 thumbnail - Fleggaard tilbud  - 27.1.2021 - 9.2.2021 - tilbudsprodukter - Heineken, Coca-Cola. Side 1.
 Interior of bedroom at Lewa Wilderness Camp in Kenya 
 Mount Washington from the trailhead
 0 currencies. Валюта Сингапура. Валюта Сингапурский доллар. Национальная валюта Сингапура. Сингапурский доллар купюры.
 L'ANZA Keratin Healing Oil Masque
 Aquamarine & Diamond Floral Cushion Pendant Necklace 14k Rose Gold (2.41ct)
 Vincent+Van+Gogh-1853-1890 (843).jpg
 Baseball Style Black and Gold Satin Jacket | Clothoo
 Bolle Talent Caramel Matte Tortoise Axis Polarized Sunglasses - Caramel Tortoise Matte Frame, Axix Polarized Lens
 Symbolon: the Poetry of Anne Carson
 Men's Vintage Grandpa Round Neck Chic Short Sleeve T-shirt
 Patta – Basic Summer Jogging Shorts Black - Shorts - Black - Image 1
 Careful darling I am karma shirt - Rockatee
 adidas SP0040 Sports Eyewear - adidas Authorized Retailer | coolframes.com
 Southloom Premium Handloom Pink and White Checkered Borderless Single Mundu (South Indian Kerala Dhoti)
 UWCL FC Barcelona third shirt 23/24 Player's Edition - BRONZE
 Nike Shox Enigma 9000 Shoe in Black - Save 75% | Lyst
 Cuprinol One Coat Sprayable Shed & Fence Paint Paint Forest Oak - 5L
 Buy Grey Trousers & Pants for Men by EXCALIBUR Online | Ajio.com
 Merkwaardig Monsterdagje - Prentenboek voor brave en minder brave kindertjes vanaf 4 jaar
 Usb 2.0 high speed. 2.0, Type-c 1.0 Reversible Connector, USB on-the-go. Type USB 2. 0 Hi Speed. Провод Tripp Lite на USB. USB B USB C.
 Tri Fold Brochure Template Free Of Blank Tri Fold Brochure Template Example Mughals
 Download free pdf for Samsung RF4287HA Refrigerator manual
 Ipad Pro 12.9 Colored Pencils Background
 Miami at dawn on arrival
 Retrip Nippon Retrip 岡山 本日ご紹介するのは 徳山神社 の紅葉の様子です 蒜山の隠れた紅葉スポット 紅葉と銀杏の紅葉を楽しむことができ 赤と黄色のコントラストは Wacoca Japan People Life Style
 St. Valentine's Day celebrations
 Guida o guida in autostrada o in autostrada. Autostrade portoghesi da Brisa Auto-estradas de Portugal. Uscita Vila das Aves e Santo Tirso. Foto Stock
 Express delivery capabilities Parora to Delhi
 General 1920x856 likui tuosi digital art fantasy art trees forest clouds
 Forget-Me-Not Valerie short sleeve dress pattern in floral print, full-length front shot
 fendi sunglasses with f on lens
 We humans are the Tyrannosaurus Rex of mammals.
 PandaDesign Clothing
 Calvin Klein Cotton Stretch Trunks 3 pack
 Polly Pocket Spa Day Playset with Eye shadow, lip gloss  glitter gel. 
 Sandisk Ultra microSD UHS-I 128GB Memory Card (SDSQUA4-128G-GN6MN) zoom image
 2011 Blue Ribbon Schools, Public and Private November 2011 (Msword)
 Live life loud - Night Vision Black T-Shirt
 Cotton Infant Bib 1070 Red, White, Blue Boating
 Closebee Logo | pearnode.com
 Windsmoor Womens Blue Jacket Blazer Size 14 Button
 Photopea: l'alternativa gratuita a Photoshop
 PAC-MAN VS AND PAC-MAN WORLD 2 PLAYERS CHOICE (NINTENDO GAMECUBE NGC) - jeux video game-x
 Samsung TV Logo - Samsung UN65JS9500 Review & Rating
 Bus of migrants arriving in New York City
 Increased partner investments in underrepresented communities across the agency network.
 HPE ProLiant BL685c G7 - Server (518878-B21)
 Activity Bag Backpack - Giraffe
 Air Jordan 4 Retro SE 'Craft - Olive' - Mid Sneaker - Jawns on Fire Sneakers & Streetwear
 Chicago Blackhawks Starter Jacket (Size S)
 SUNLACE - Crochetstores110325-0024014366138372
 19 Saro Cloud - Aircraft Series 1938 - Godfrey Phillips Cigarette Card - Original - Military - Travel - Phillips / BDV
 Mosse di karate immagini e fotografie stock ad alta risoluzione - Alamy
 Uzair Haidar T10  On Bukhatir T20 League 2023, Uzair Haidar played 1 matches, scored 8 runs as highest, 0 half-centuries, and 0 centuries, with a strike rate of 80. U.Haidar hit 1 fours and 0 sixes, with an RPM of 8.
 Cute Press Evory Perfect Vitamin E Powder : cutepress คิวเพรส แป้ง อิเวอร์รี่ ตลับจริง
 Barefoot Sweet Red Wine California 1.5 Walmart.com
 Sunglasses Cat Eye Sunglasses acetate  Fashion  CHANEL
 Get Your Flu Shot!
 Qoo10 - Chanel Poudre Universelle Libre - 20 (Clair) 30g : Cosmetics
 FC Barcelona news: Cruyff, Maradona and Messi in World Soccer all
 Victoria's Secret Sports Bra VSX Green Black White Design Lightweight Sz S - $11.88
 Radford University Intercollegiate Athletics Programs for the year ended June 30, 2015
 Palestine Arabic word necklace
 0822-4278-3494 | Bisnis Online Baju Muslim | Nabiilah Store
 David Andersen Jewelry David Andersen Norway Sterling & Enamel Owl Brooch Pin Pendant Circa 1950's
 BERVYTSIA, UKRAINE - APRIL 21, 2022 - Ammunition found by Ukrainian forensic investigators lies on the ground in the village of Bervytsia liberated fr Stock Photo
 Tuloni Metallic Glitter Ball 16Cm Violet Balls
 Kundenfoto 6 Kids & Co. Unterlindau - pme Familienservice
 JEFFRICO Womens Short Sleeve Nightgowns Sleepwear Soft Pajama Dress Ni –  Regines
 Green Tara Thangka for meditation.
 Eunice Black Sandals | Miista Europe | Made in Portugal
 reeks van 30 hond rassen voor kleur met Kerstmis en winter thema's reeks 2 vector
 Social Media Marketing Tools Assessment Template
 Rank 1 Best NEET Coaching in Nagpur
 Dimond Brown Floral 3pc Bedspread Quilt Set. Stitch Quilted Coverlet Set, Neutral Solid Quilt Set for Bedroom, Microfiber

▶ **EXERCISE GOAL**: Output the lines above between the one holding "Express delivery capabilities" and the one holding "fendi sunglasses with f on lens", inclusive, with nothing before or after them.

▶ **EXERCISE SOLUTION**:
 Express delivery capabilities Parora to Delhi
 General 1920x856 likui tuosi digital art fantasy art trees forest clouds
 Forget-Me-Not Valerie short sleeve dress pattern in floral print, full-length front shot
 fendi sunglasses with f on lens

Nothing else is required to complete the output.